Ехал он не спеша, по-хозяйски оглядывая степь. Несколько раз останавливался, слезал с двуколки, осматривал кукурузу, подсолнух, задержался возле луга, на котором до сих пор не был скошен пырей.

«Золото будет, а не сено… – подумал он, щупая пальцами пырей. – Хоть разорвись! Душа болит, когда видишь, сколько пропадает добра. Чей же он может быть, этот луг?»

Высоко в голубом осеннем небе летами неслись стаи диких гусей, предвещая скорый приход зимы. На черных полосах зяби копались стаи ворон; взлетая, они оглушали окрестность унылым карканьем. Вороны черным вихрем кружились, кричали над полем и вскоре куда-то скрылись.

– Вот, черти! Могут сожрать и мою кукурузу, пропади они пропадом, – выругался Танхум и помахал кулаком в ту сторону, куда улетела стая ворон.

Отсюда Танхум повернул на степную дорогу и начал спускаться к низине, где тянулось картофельное поле.

Эту низину, принадлежавшую нескольким хозяевам, он захватил в самом начале войны.

«В низине накапливается больше влаги, а картофель влагу любит», – подумал он тогда.

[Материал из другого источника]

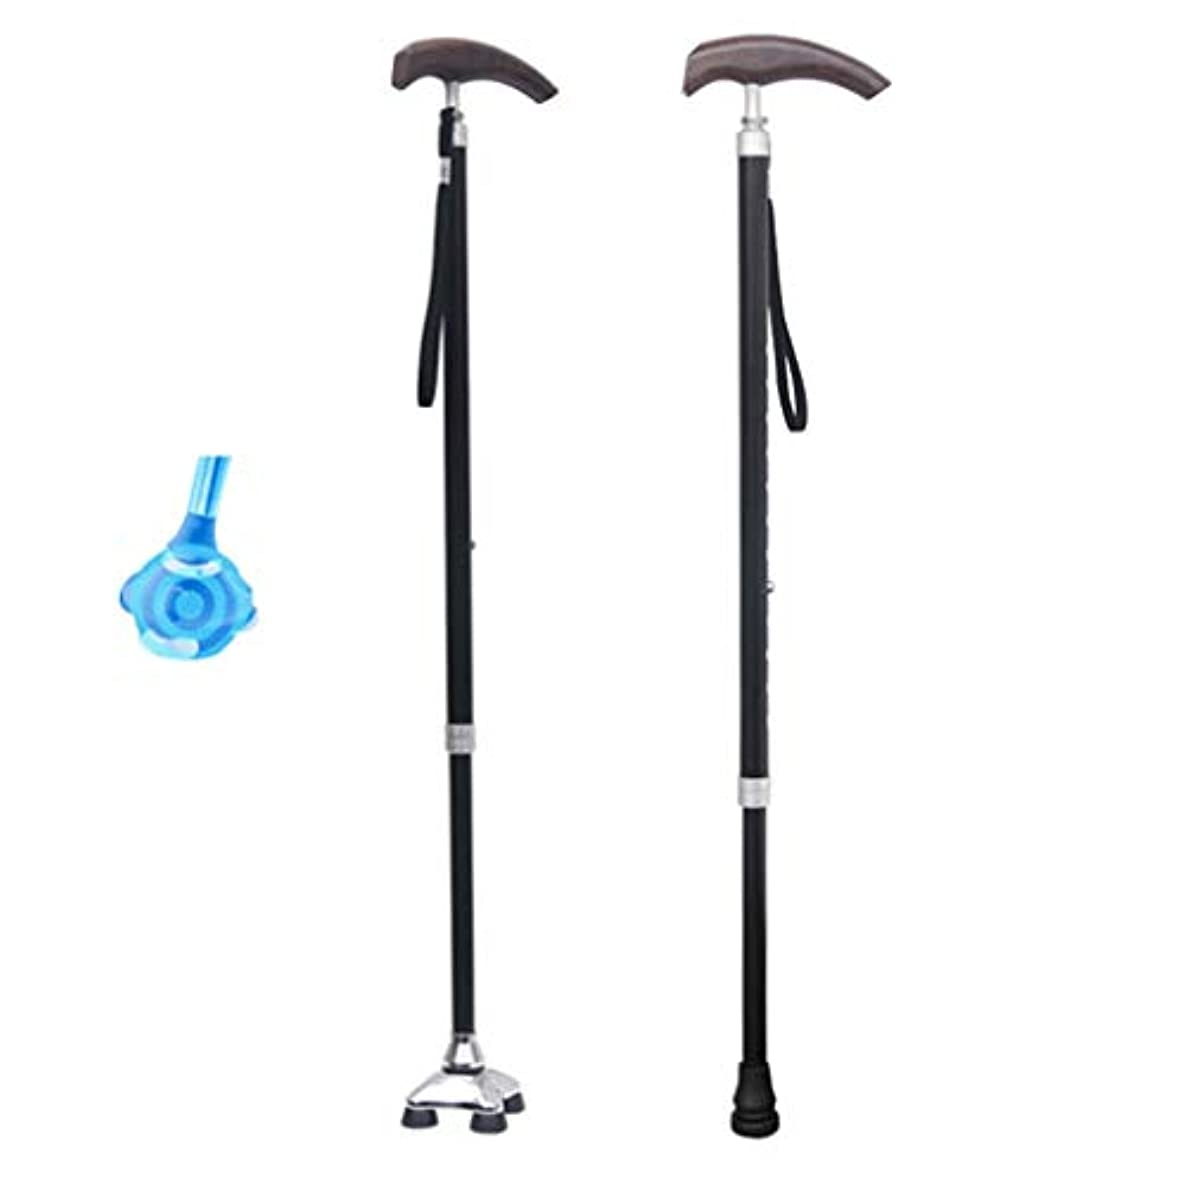 修正する発生器トロリーバス高齢者や障害者、ノンスリップ杖、軽量松葉杖のため松葉杖、調節可能な松葉杖、アルミ合金松葉杖、松葉杖。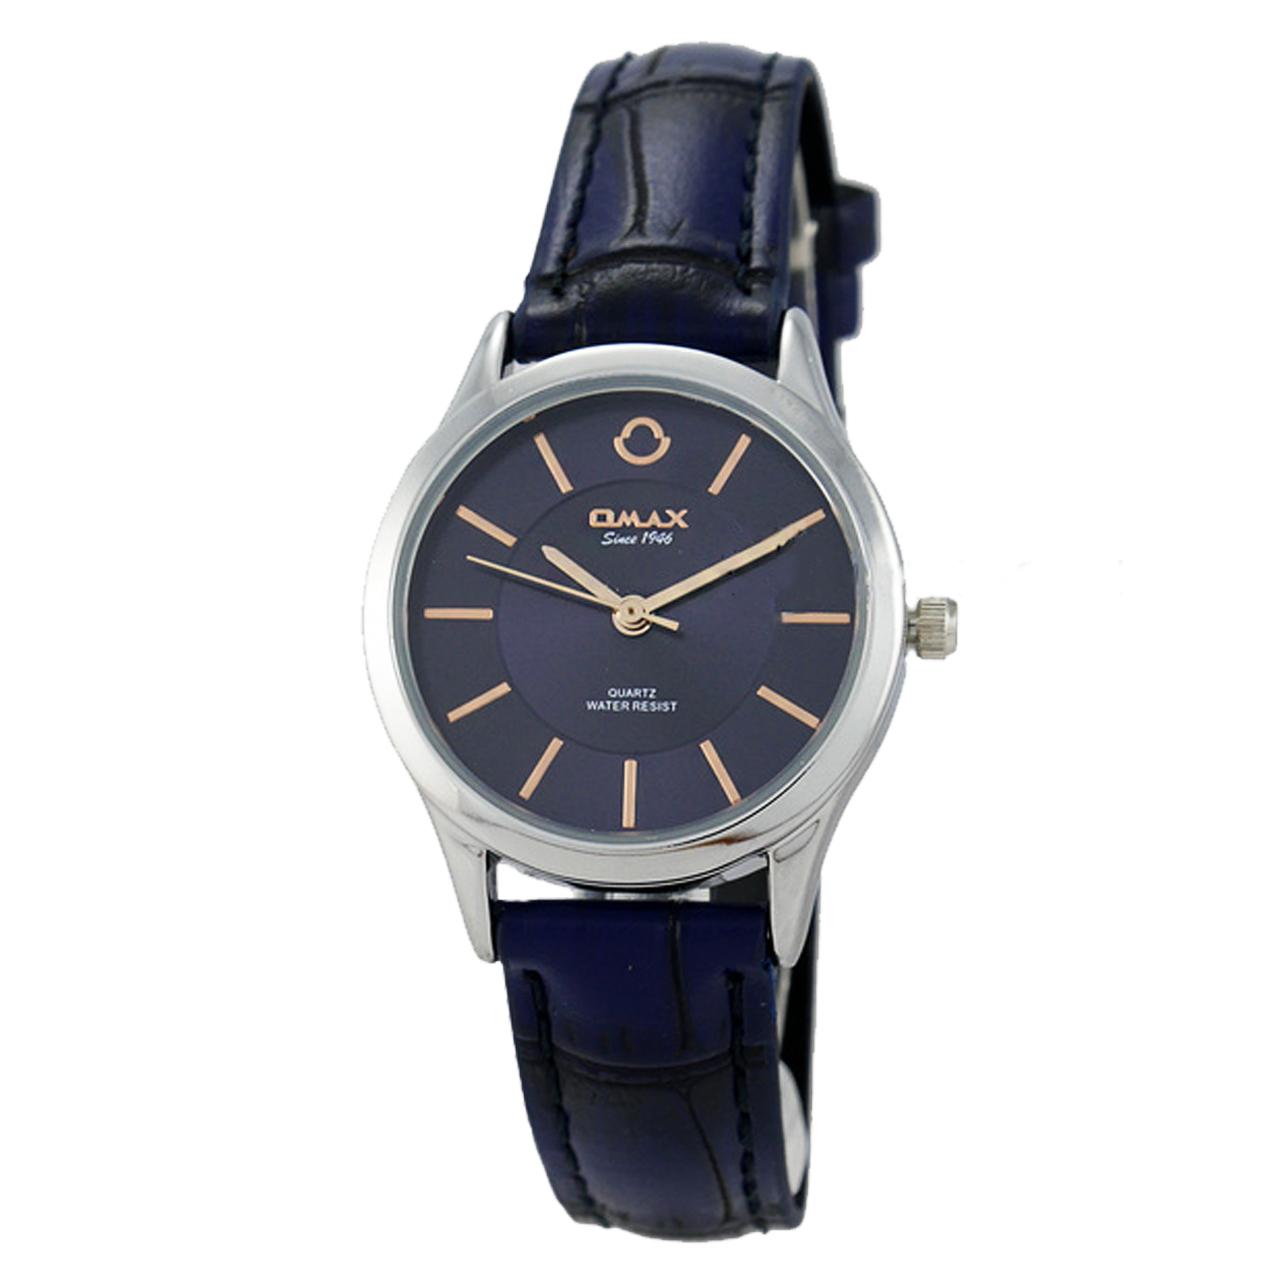 ساعت مچی عقربه ای زنانه اوماکس مدل pr0006 به همراه دستمال مخصوص برند کلین واچ 22

Почти рядом с этой низиной тянулось несколько десятин перезревшей желто-белой кукурузы.

Как только в руки Танхума попала солдатская земля, он разбил свое поле на участки – худшую землю оставил на выпас и под сено, а на лучшей посеял озимую пшеницу, ячмень и просо. Так заведено у богатых хозяев соседних украинских сел и немецких колоний. Так решил поступить и он.

Танхум подъехал к картофельному полю, на меже с рядом лежащей десятиной пырея распряг и разнуздал лошадь и пустил ее пастись, а сам пошел посмотреть, как идет уборка картофеля.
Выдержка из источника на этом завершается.